» **Prompt**: Exact copy, no pictures: return only the lines below from the line with "hight resolution of" up to and including the line with "Comfortiva Finella Leather Sandal, Grey".

» **Input material**:
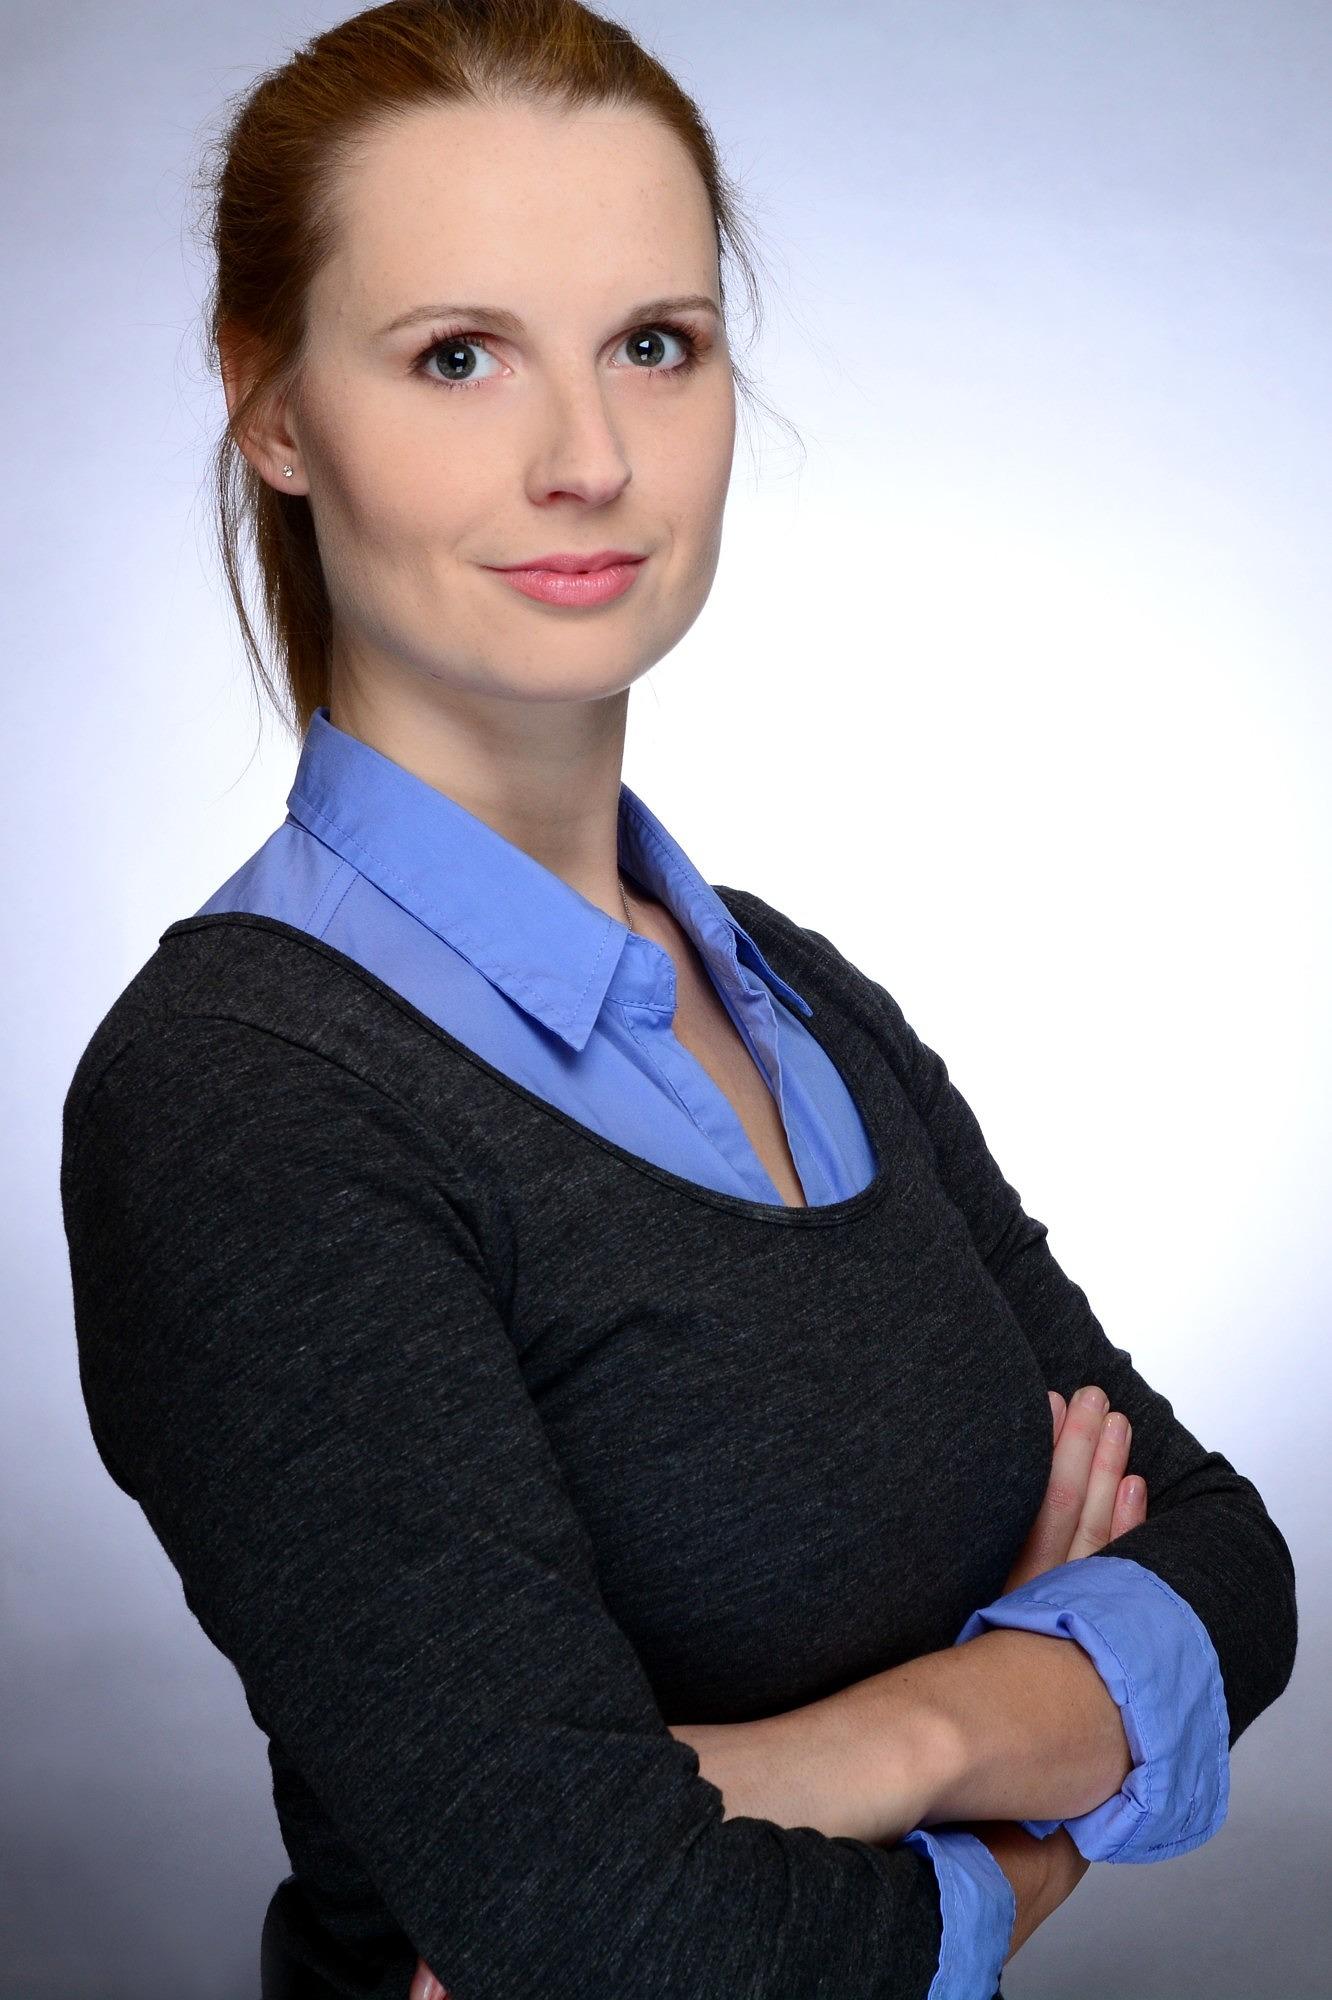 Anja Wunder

---

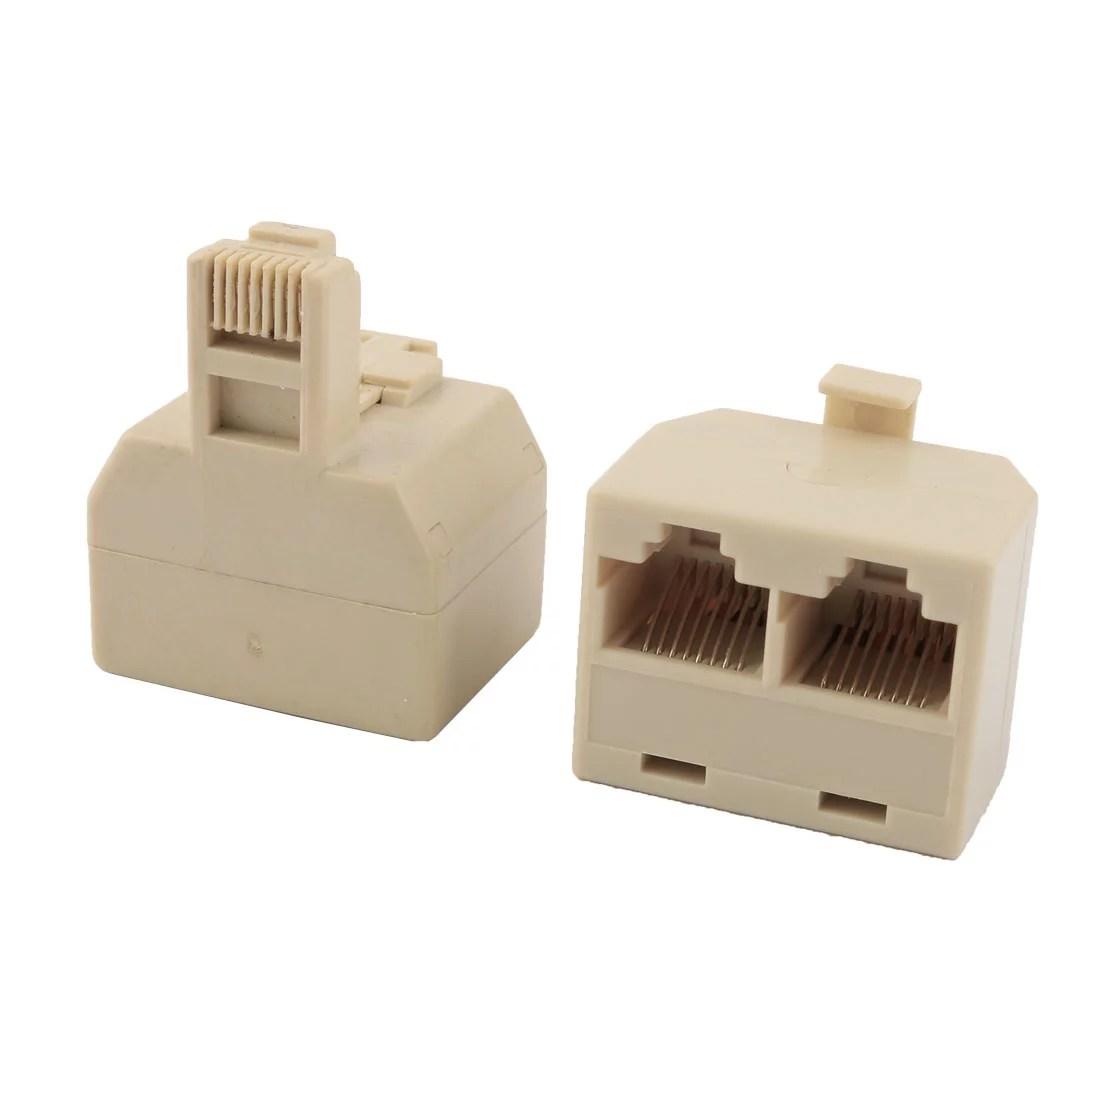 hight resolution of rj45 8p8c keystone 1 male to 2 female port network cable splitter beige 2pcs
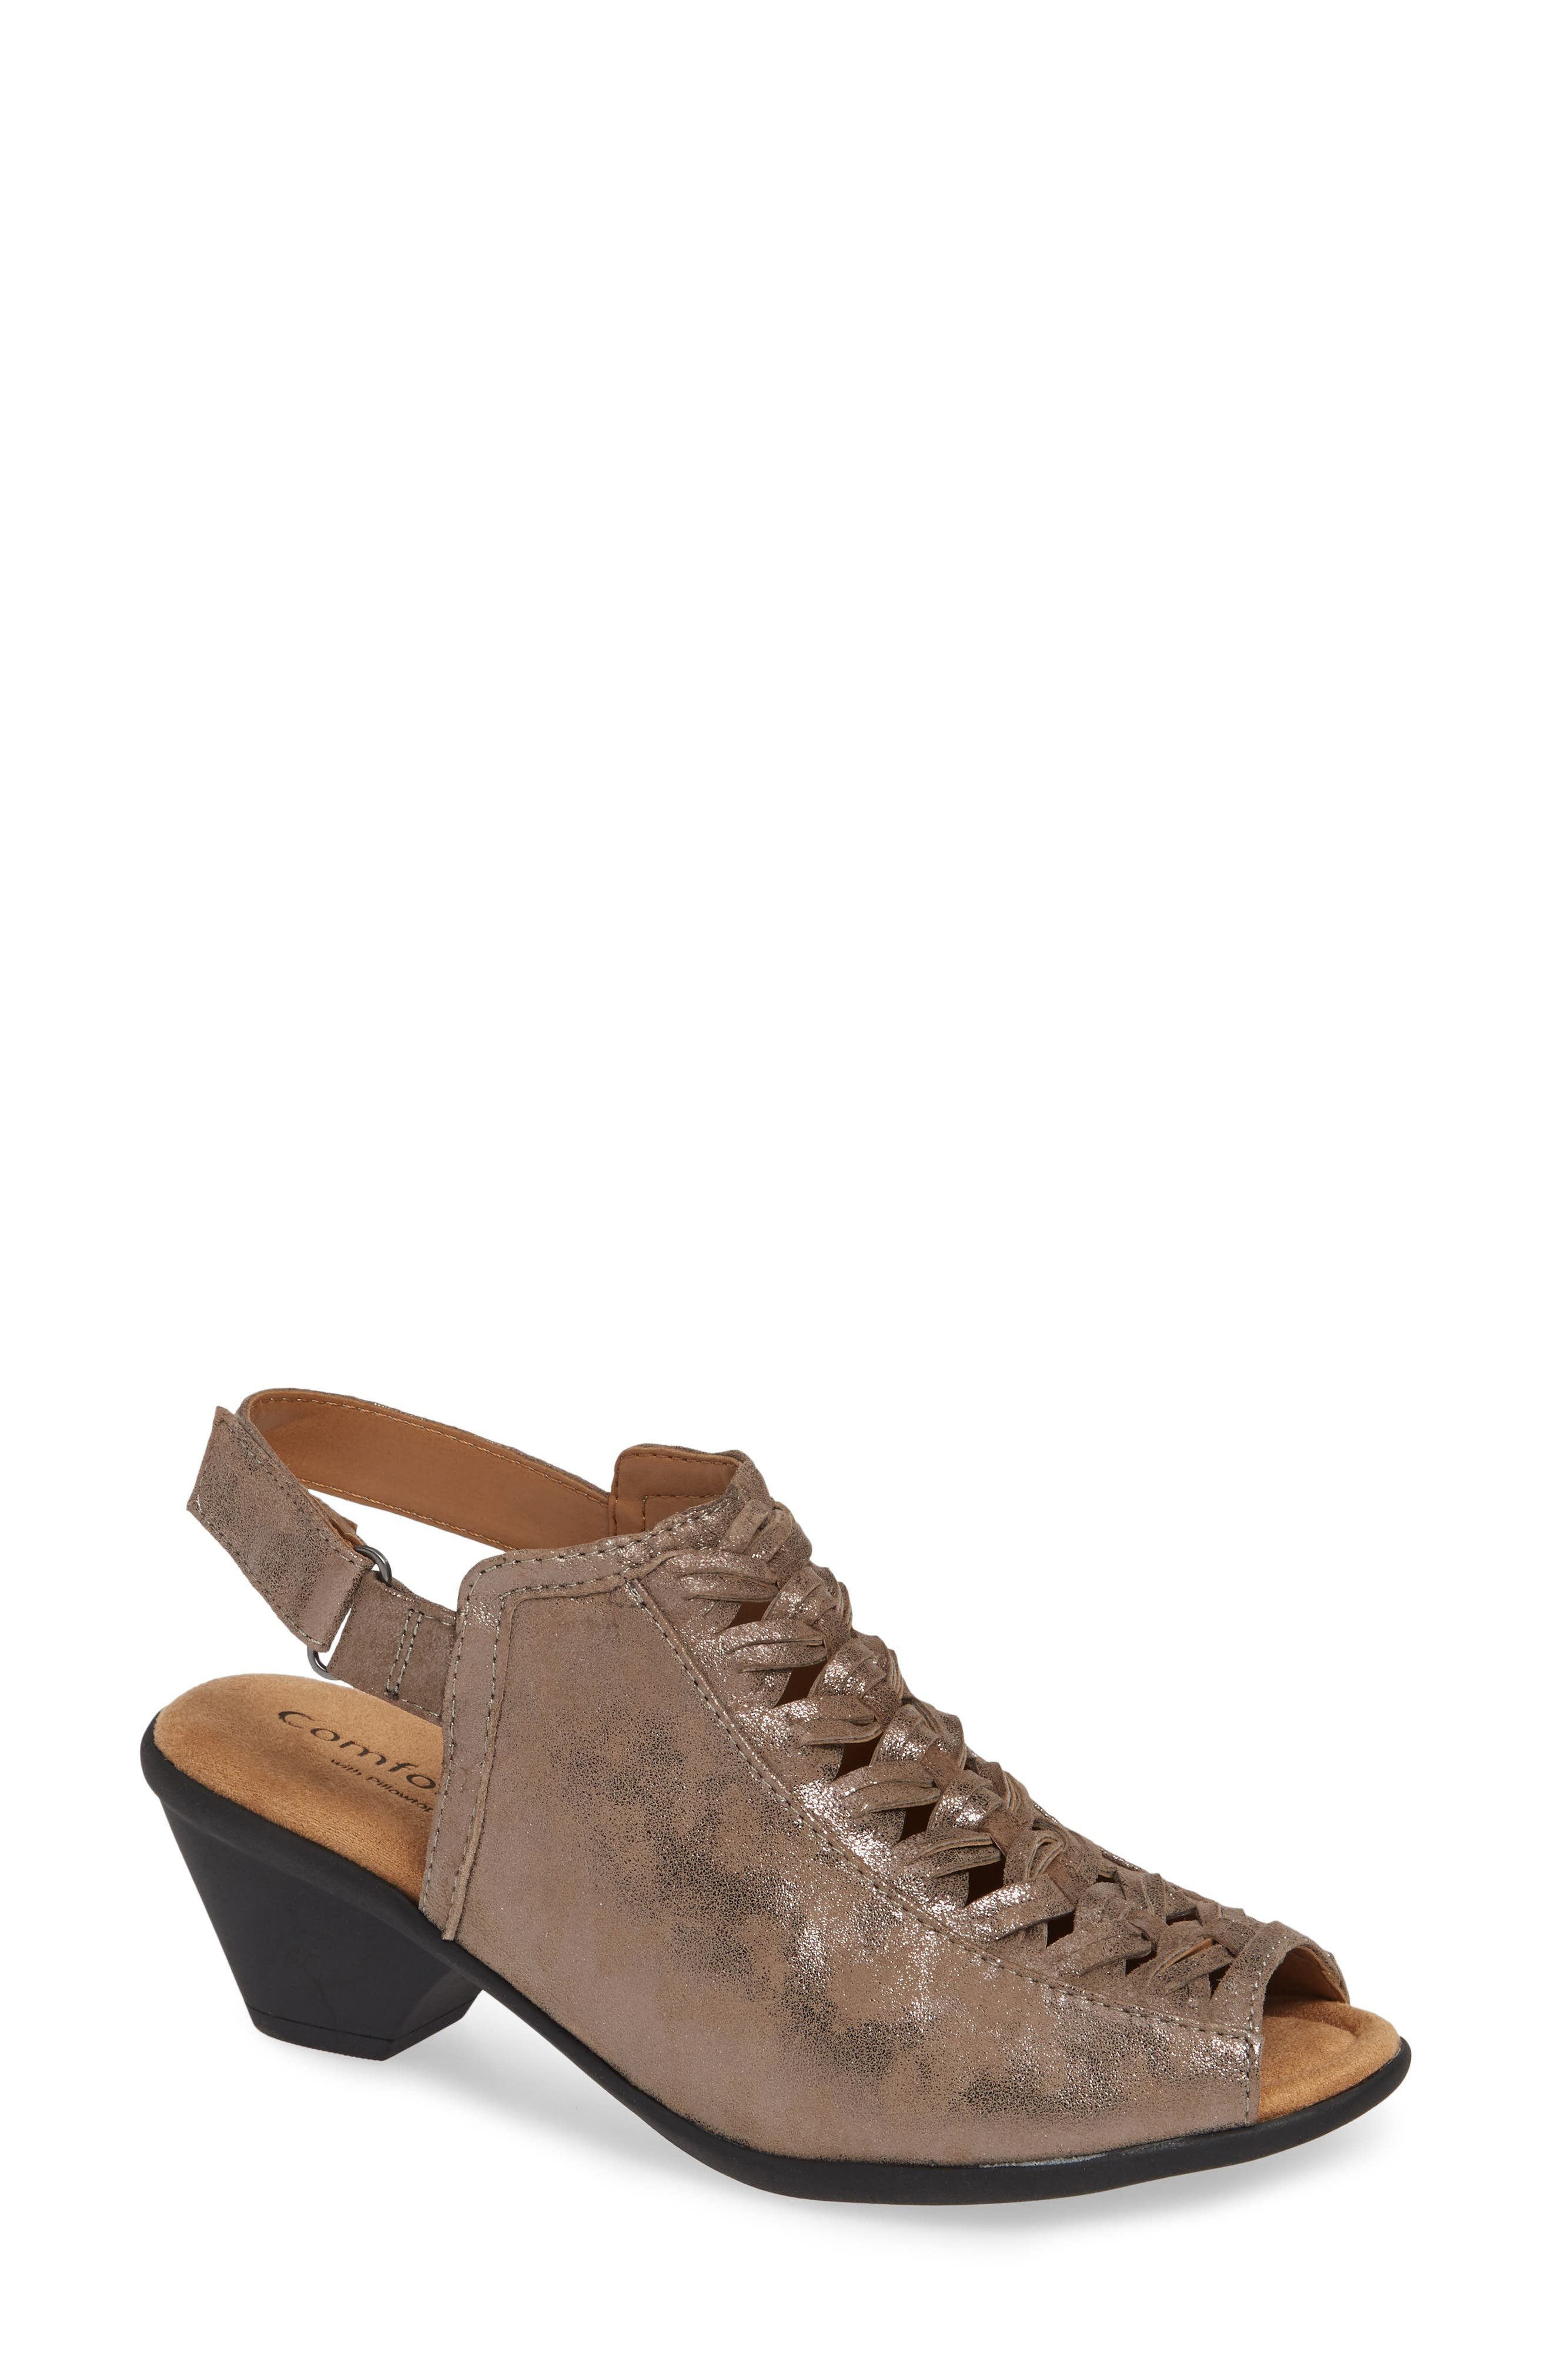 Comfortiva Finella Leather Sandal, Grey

...

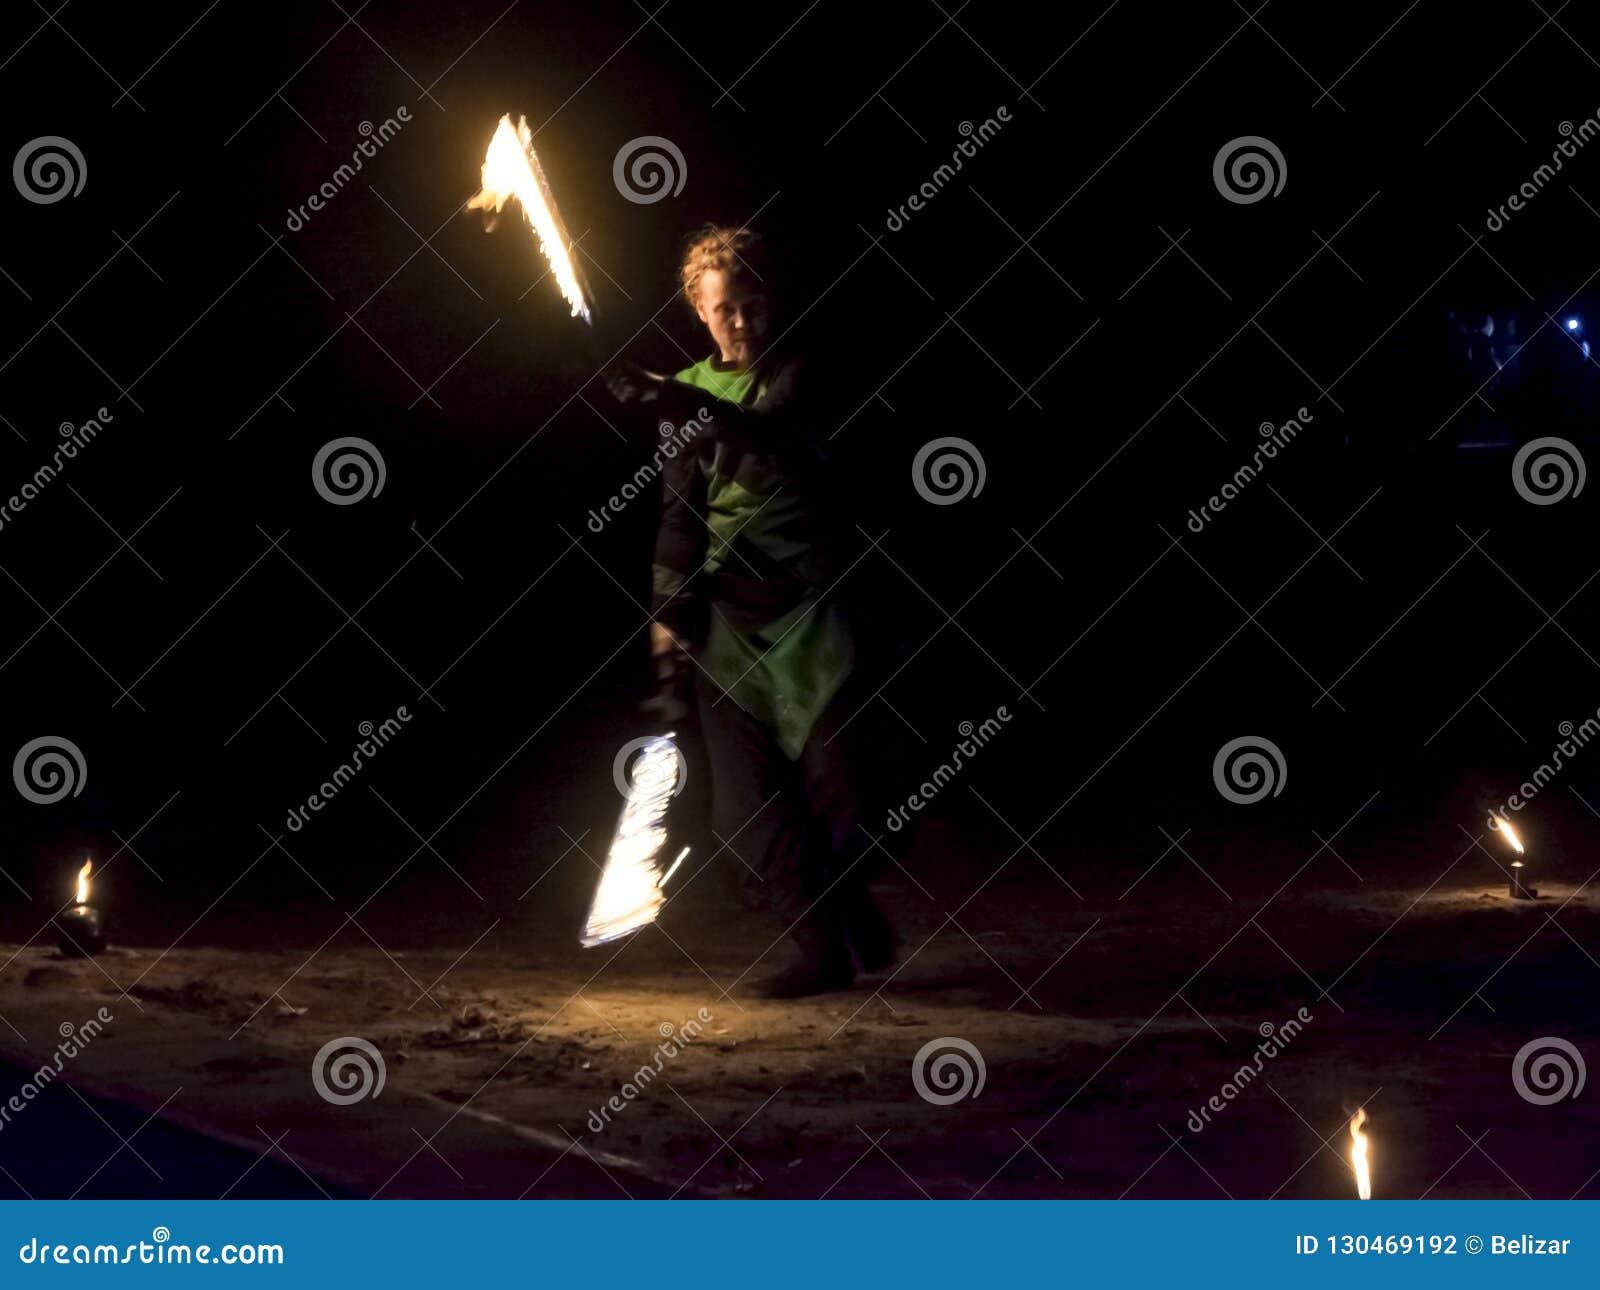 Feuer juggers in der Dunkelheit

» **Answer to this exercise**:
 hight resolution of rj45 8p8c keystone 1 male to 2 female port network cable splitter beige 2pcs
 Comfortiva Finella Leather Sandal, Grey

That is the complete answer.